Varimax PCs capture rat hepatic cell identity signatures and strain-specific differences
(A) Bar plot representing the feature importance scores (mean decrease Gini impurity) of the top 20 features (varimax factors) of the random forest model trained to predict the strain attributes of the rat hepatic cells. Varimax PC5 and 15 are the most informative features to differentiate cells of each strain from another, which indicates the two factors have captured strain-related variations within the map.
(B) A correlation heatmap between the average gene expression of each cluster and the loading scores of varimax factors (capturing the contribution of all genes to a factor). Columns are varimax factors and rows are cell populations. Each cell-type cluster is defined by key marker genes, and dark red or blue indicates that the expression of a marker gene set is positively or negatively correlated, respectively, with a particular varimax factor. A high absolute correlation value indicates a match between a varimax factor and a cell-type cluster.
(C) The projection of cells over varimax-1 and 5 indicates that the cells from each strain form distinct clusters over varimax-5.
(D) Boxplot indicating the distribution of varimax-5 score over each strain. Cells from DA and LEW strains represent significantly different varimax-5 scores (Wilcoxon-test p value <2.2e-16), indicating that varimax-5 has captured strain differences.
(E) The top 10 genes on the top (left table) and bottom (right table) of the varimax-5 loading list mainly contain known hepatocyte markers, indicating that varimax-5 has captured hepatocyte-specific strain differences. Genes with high positive scores (left table) are associated with the DA strain and genes indicating negative loading scores (right table) are LEW-related.
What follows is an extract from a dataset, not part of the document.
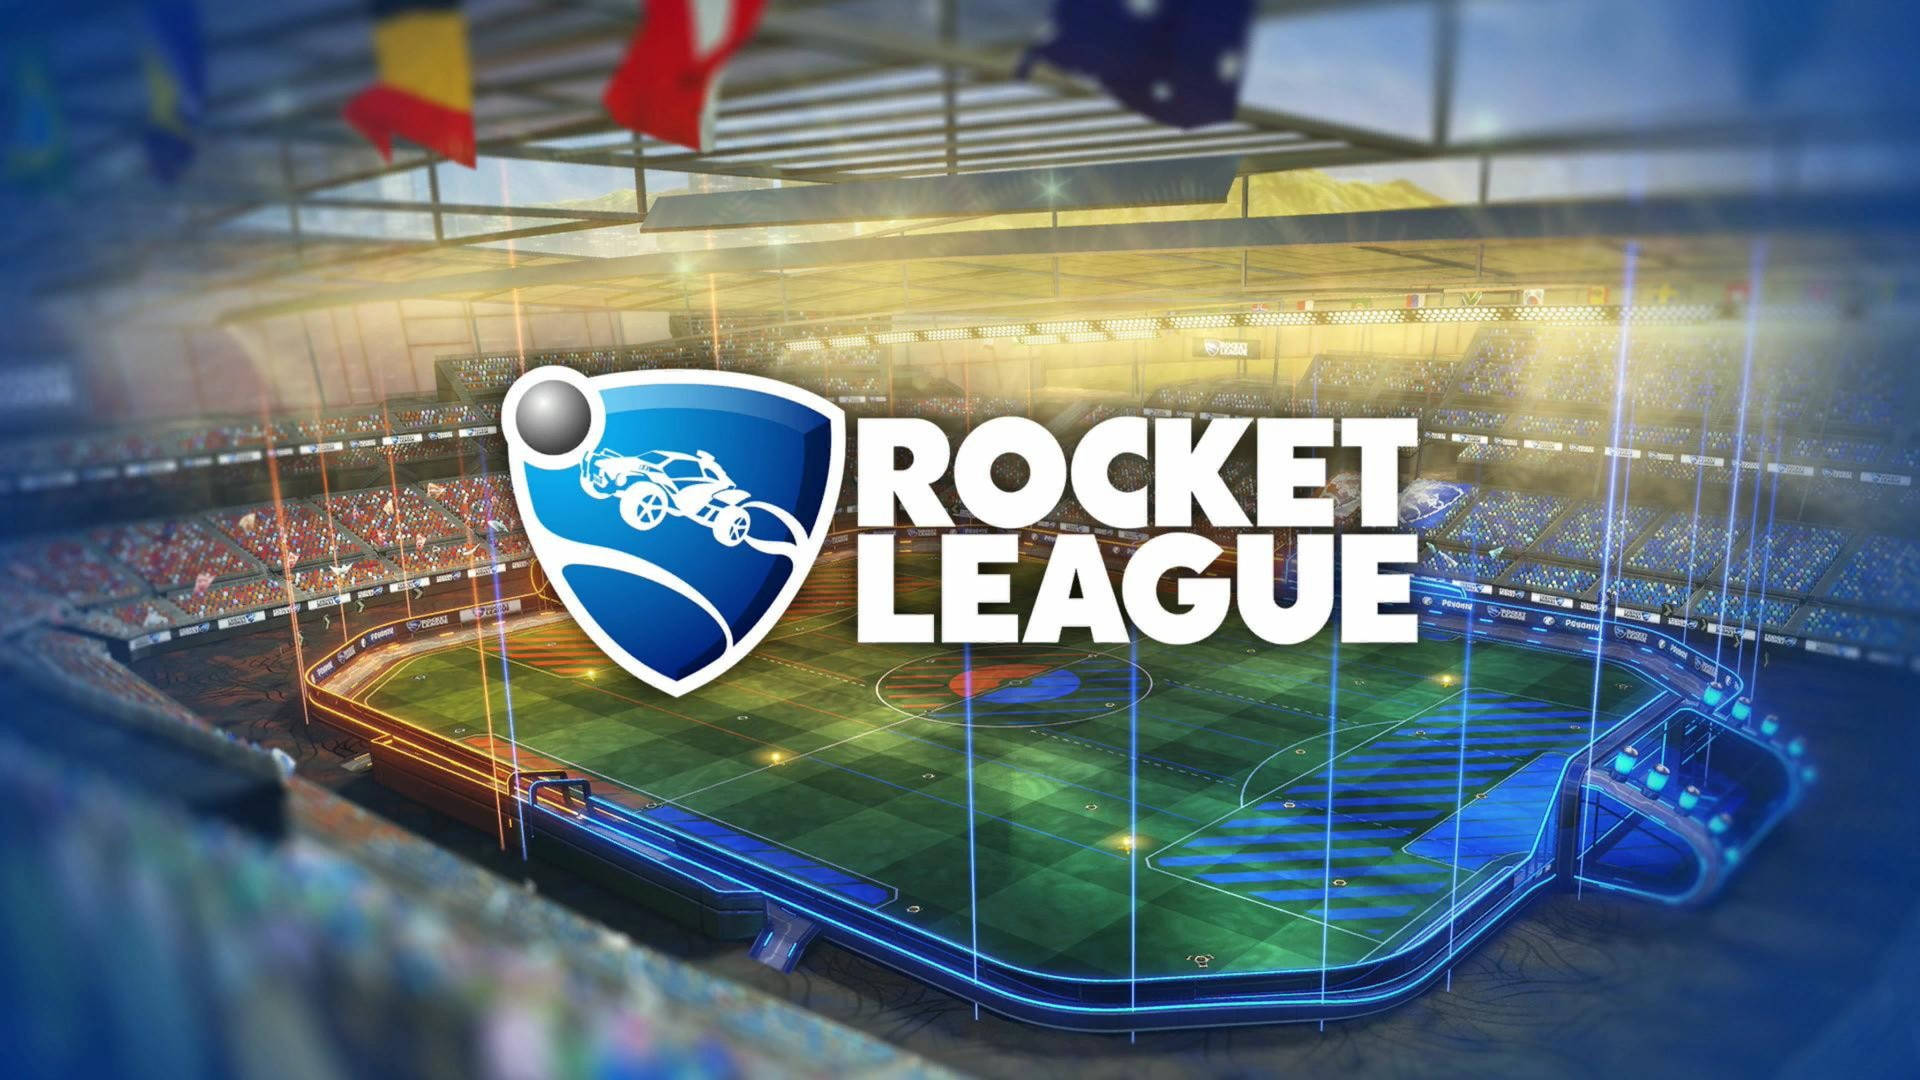 Rocket League Hd Background Wallpaper

The absolute loading scores indicate the contribution of each gene to the corresponding factor.
(F) Projection of cells over varimax-1 and 15 indicates that a population of cells from each strain (dotted lines) forms distinct clusters over varimax-15. Annotation of the selected cells indicates that they are mainly from the Marco+ myeloid cluster 5.
(G) Boxplot indicating the distribution of hepatic cells based on strain over varimax-15. (Wilcoxon-test p value <2.2e-16). The outlier data points (dotted lines) are mainly myeloid cells.
(H) The top 10 genes with positive (right table) and negative (left table) varimax-15 loading scores are immune-response related. Genes with positive scores (right table) are associated with the LEW strain, and genes indicating negative loading values (left table) are DA related. The absolute loading scores indicate the contribution of each gene to the corresponding factor.
(I) Expression pattern of known myeloid marker genes Marco, Vsig4, Cd68, and Lyz2 over UMAP. Dark green represents high expression values. The distribution of general myeloid markers (Cd68, Vsig4) and non-inflammatory myeloid marker (Marco) is consistent with the varimax-15 distribution (Figure 2J).
(J) The UMAP projection of cells colored based on the varimax-15 score shows the enrichment of varimax-15 over Marco+ myeloid population (cluster 5). Darker colors represent higher values of varimax-15 scores. Data are represented as mean ± SEM with each dot representing a single cell. Corrcoef.: correlation coefficient, Var: varimax PC. varimax PCs are referred to as PCs within the main text.